Experiment · 2026-05

We A/B tested 4 AEO fixes on 27 DTC stores. Here's what actually moved AI recommendation rate.

Stats lift recommendation rate +13.5pp. Combined fix lifts +20.9pp. Citations alone are actively negative. Raw data, methodology, and limitations from a controlled commerce-specific replication of the GEO paper.

Headline findings

→ Adding 10 specific numbers to a product description more than doubles AI recommendation rate (9.8% → 23.3%, n=27).
→ Combined optimization lifts recommendation rate by ~21 percentage points (9.8% → 30.7%) — best result across all four variants tested.
→ Citation FORMAT matters more than citation content. Same 3 citations in <cite> tags: +9.9pp recommend, +6.1pp identification. Same content as naked bracket URLs: confidence drops 12.6pp. Format inverts the lift.
→ Identification scores barely move with body rewrites. Body-text changes don't change what the product is — they change whether the AI is confident enough to recommend it.

Methodology

We took the 27 stores from our public benchmark, scraped each one, and generated four rewrites of the product description via a single LLM call with a strict variant schema:

V0 — Original. Untouched control.
V1 — +Statistics. Original + at least 10 specific numeric claims (dimensions, weight, %, durability, comparisons).
V2 — +Quotations. Original + at least 2 verbatim customer quotes in <blockquote> tags.
V3 — +Citations. Original + at least 3 outbound citation phrases with bracketed URLs.
V4 — All + diverse vocab. Combined V1+V2+V3 plus instruction to avoid repeating any single keyword more than 3 times.

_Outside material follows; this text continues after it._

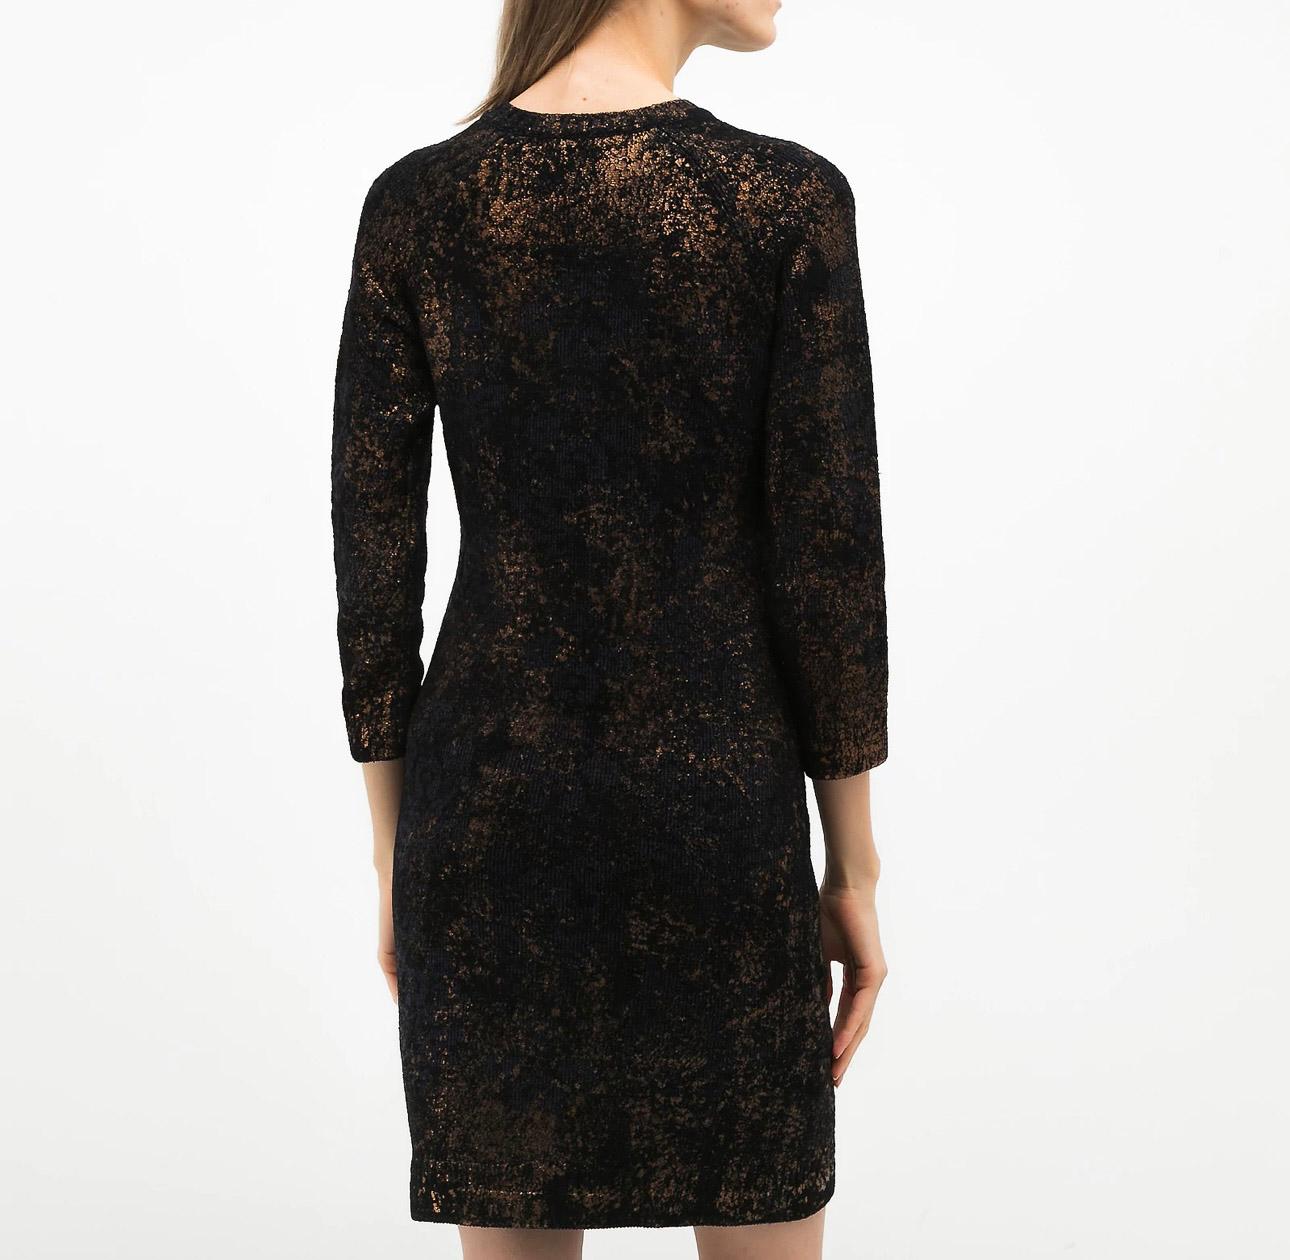 Chanel Paris / Byzance Shimmering Cashmere Dress For Sale 3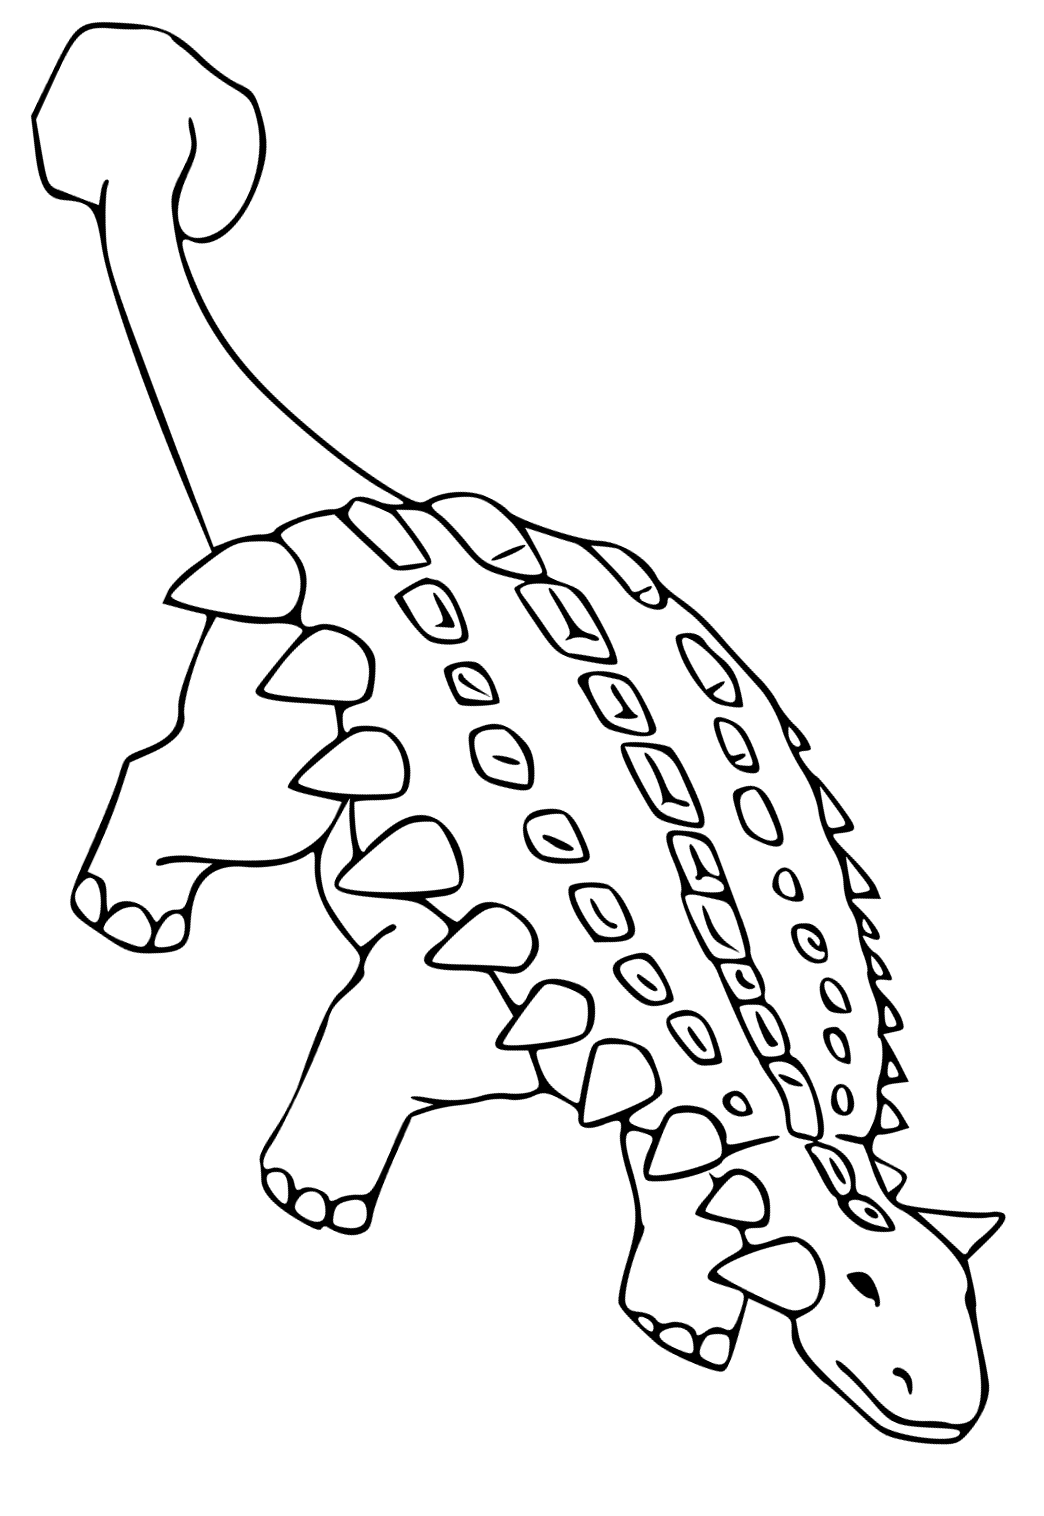 Dinozor

Each variant was then fed to our identification simulator: GPT-5.4 mini, Claude Haiku 4.5, and Gemini 3.5 Flash each receive the scraped page data and answer four structured questions — what is this product, what's missing, would you recommend it, why. We aggregate three response-level signals across the three models per variant:

Identification score: % of models with confidence ≥ medium.
Recommendation rate: % of models that said "would recommend: yes".
High-confidence rate: % of models that returned high confidence.

27 stores × 5 variants × 3 models = 405 frontier-model calls, plus 27 rewrite calls. Total run cost <$2; wall-clock 11 minutes.

Results

Variant	n	Content %	Identification	Recommend	High-confidence
V0 — Original	27	37.2%	84.1%	9.8%	74.1%
V1 — +10 statistics	27	38%(+0.8)	82.9%(-1.2)	23.3%(+13.5)	68%(-6.1)
V2 — +2 quotations	27	38%(+0.8)	81.6%(-2.5)	13.6%(+3.8)	55.6%(-18.5)
V3 — +3 citations	27	38%(+0.8)	81.6%(-2.5)	4.9%(-4.9)	48.2%(-25.9)
V4 — All + diverse vocab	27	38%(+0.8)	86.5%(+2.4)	30.7%(+20.9)	68.1%(-6)

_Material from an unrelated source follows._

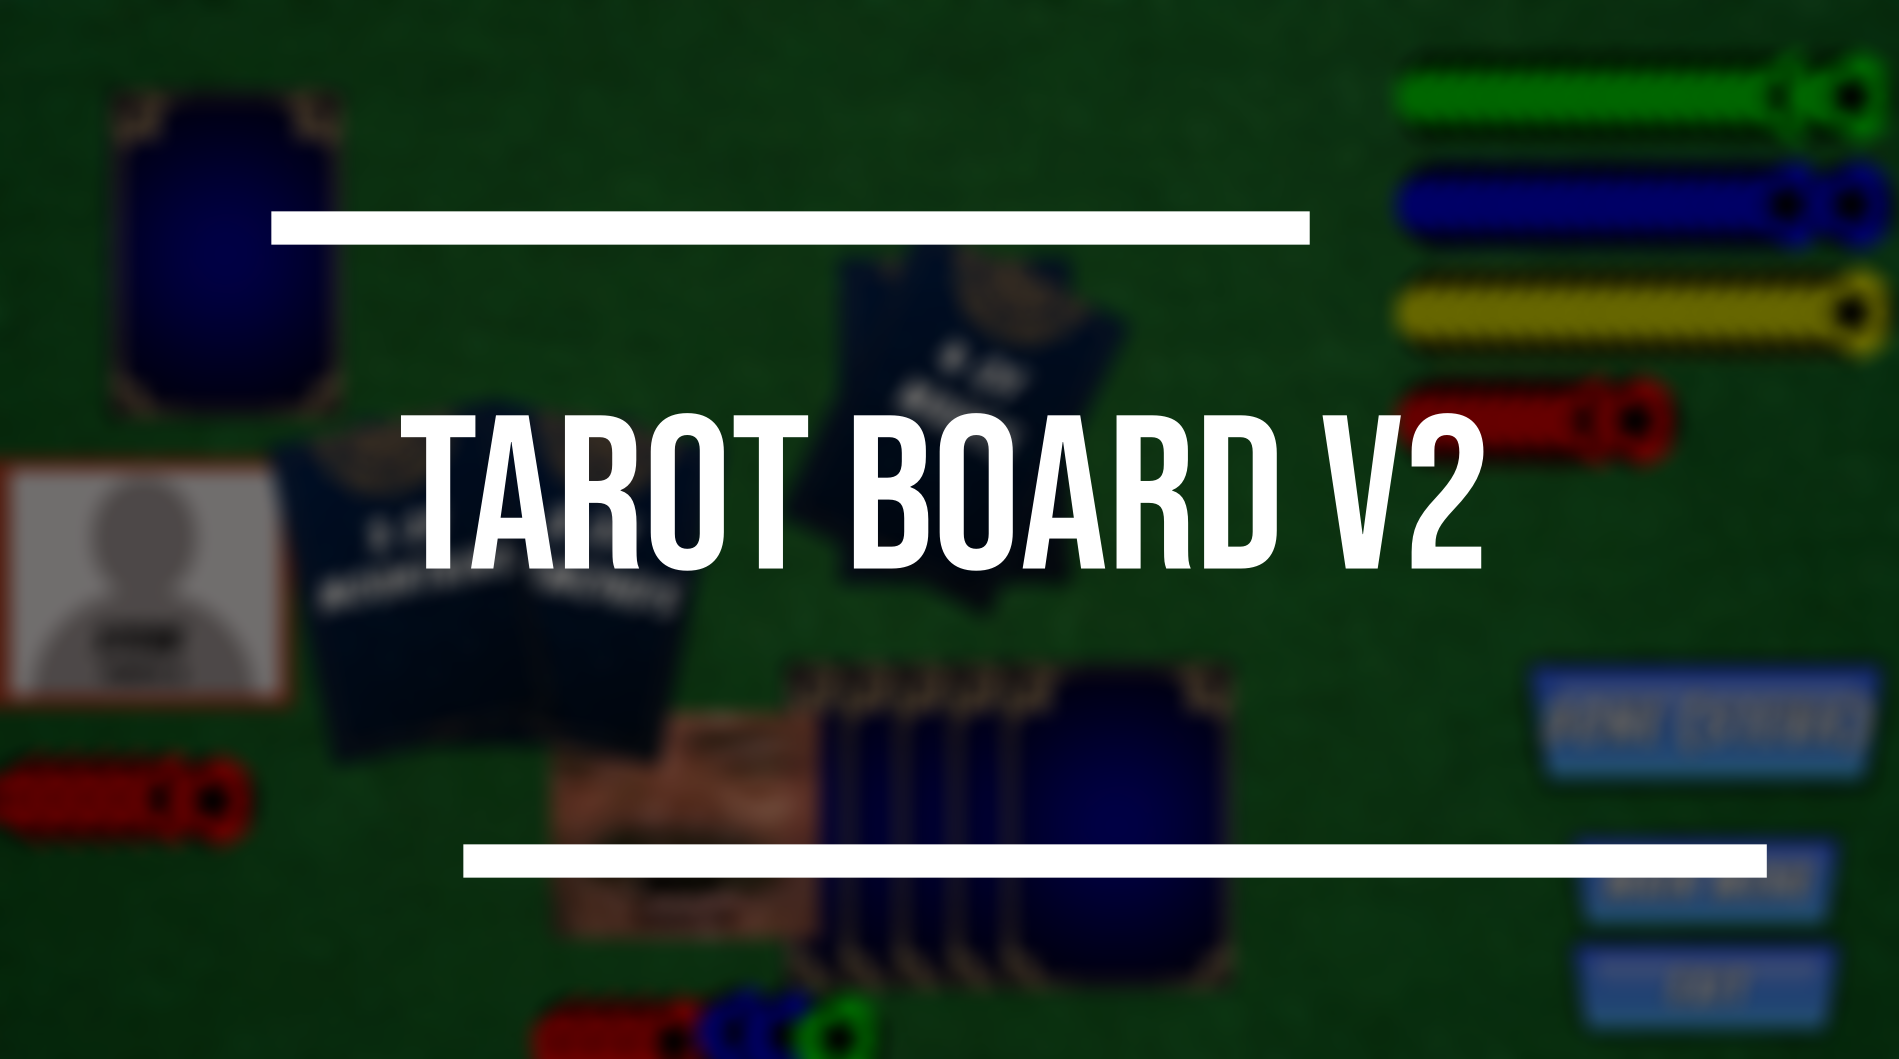 TarotBoard

Reading the table: every cell except V0 shows the delta vs the unmodified baseline. Green = lift, red = drop. The recommendation column is the most actionable: it captures whether an AI shopping assistant, given the page in context, would confidently recommend the product if a shopper asked.

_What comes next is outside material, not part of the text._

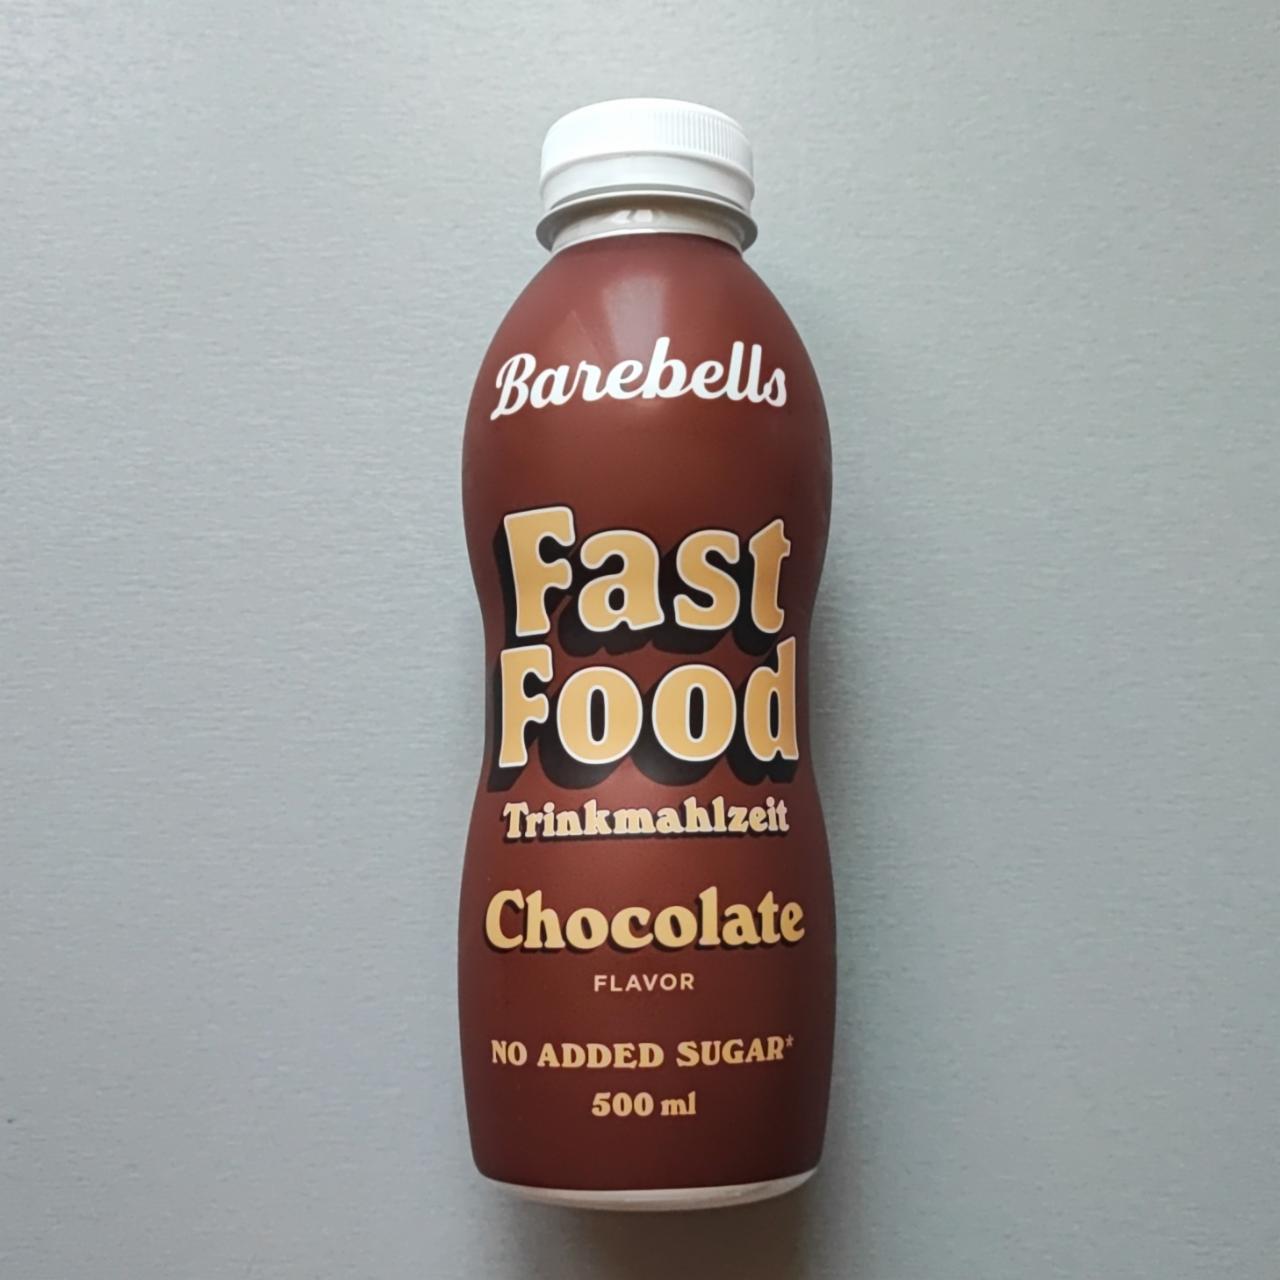 Fotografie - Fast Food Trinkmahlzeit Chocolate Barebells

Finding 1 — Statistics are the single highest-leverage fix

V1 (stats only) lifts recommendation rate from 9.8% to 23.3% — a 13.5 percentage point absolute increase, or a 2.4× multiplier on the baseline. Confidence drops slightly (-6.1pp) because the descriptions got longer and denser, but the model is more willing to recommend when faced with concrete numbers.

This matches the GEO paper's top-3 finding. What our experiment adds is a commerce-specific magnitude. If a merchant has time for exactly one change, "add 10+ specific numbers" produces measurable lift on its own.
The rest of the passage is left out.